- [What you will do]: Every line with the string "Occupation" should be copied from the data.

Records from a dataset:
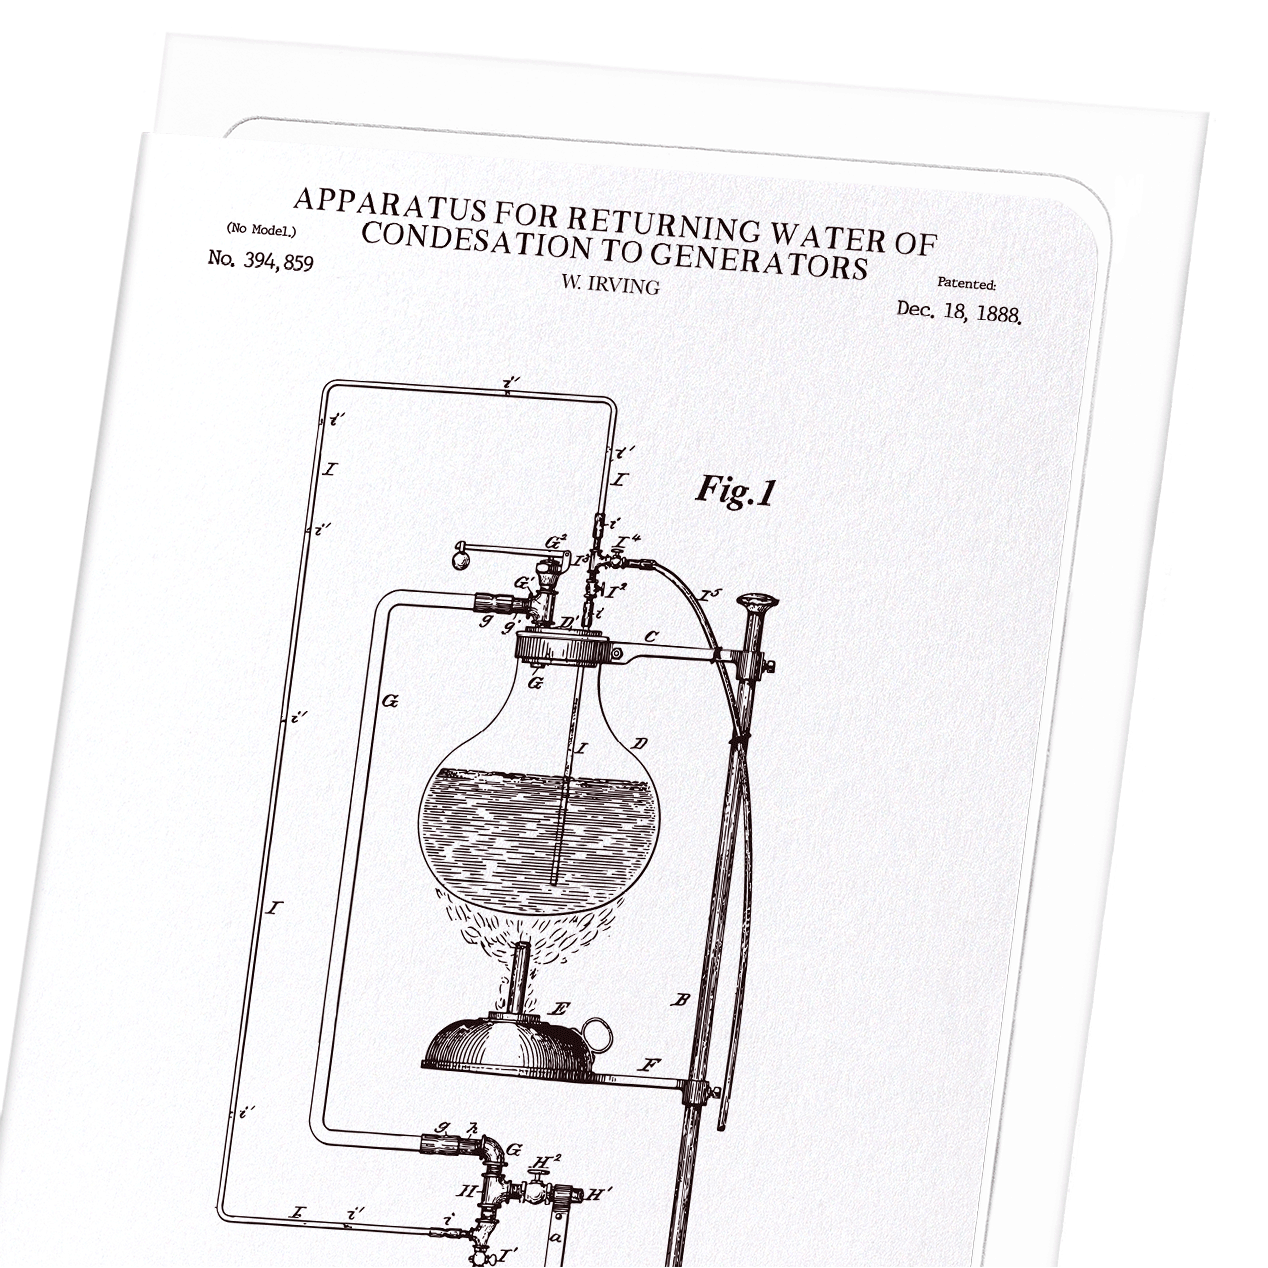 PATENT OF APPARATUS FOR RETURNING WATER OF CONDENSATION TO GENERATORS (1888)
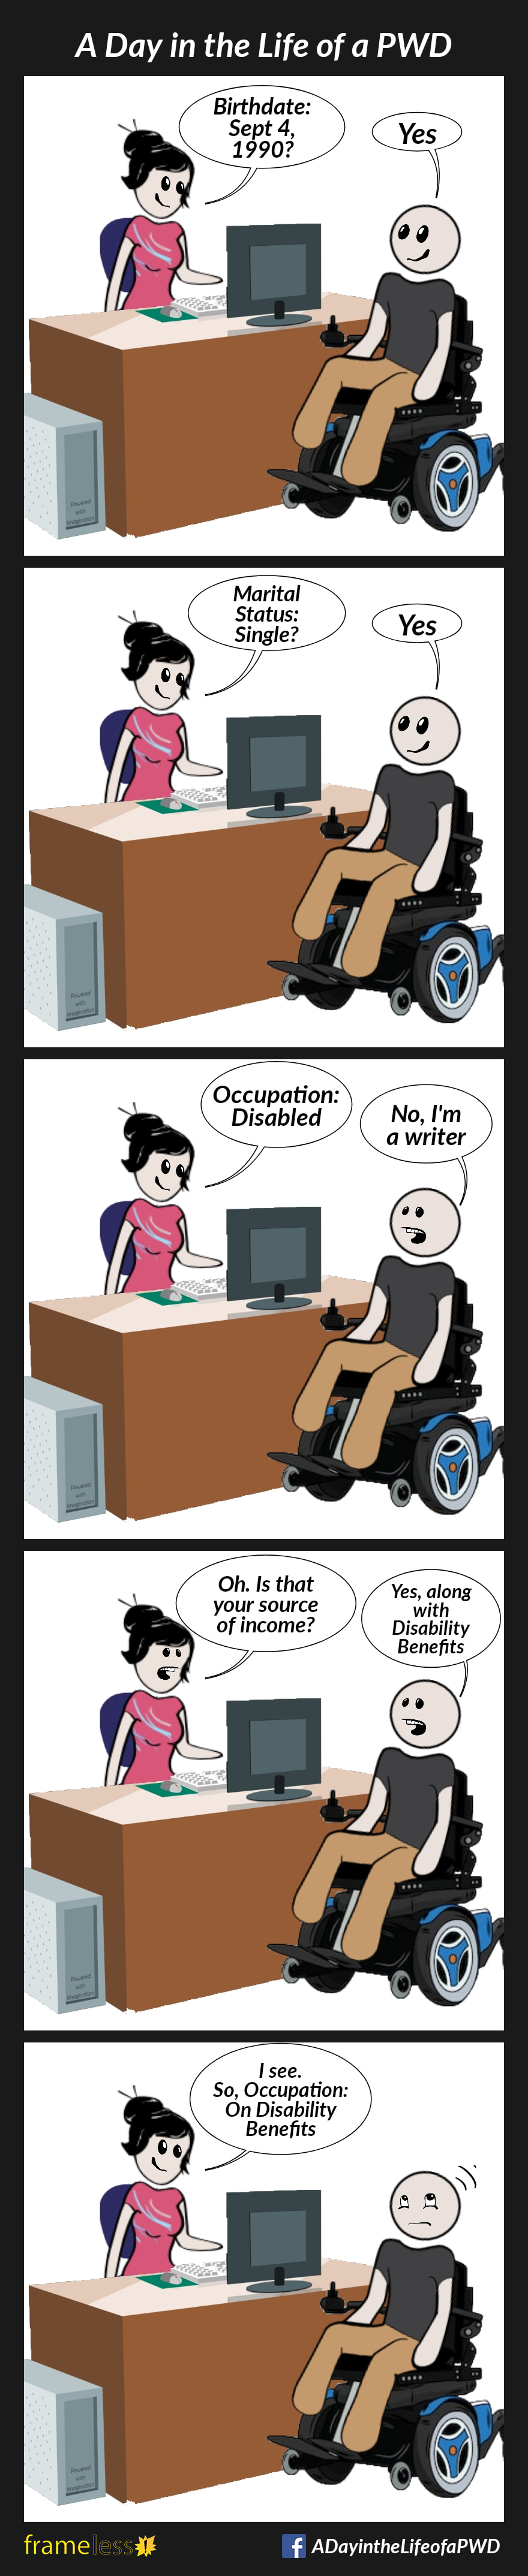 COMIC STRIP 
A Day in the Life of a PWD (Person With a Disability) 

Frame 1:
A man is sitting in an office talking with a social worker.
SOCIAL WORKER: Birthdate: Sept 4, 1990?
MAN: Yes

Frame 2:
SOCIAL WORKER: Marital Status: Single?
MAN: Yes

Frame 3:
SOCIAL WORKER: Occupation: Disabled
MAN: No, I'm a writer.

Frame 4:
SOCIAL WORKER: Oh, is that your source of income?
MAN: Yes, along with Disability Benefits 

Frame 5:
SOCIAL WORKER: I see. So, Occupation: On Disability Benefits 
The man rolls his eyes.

- [Answer space]:
SOCIAL WORKER: Occupation: Disabled
SOCIAL WORKER: I see. So, Occupation: On Disability Benefits 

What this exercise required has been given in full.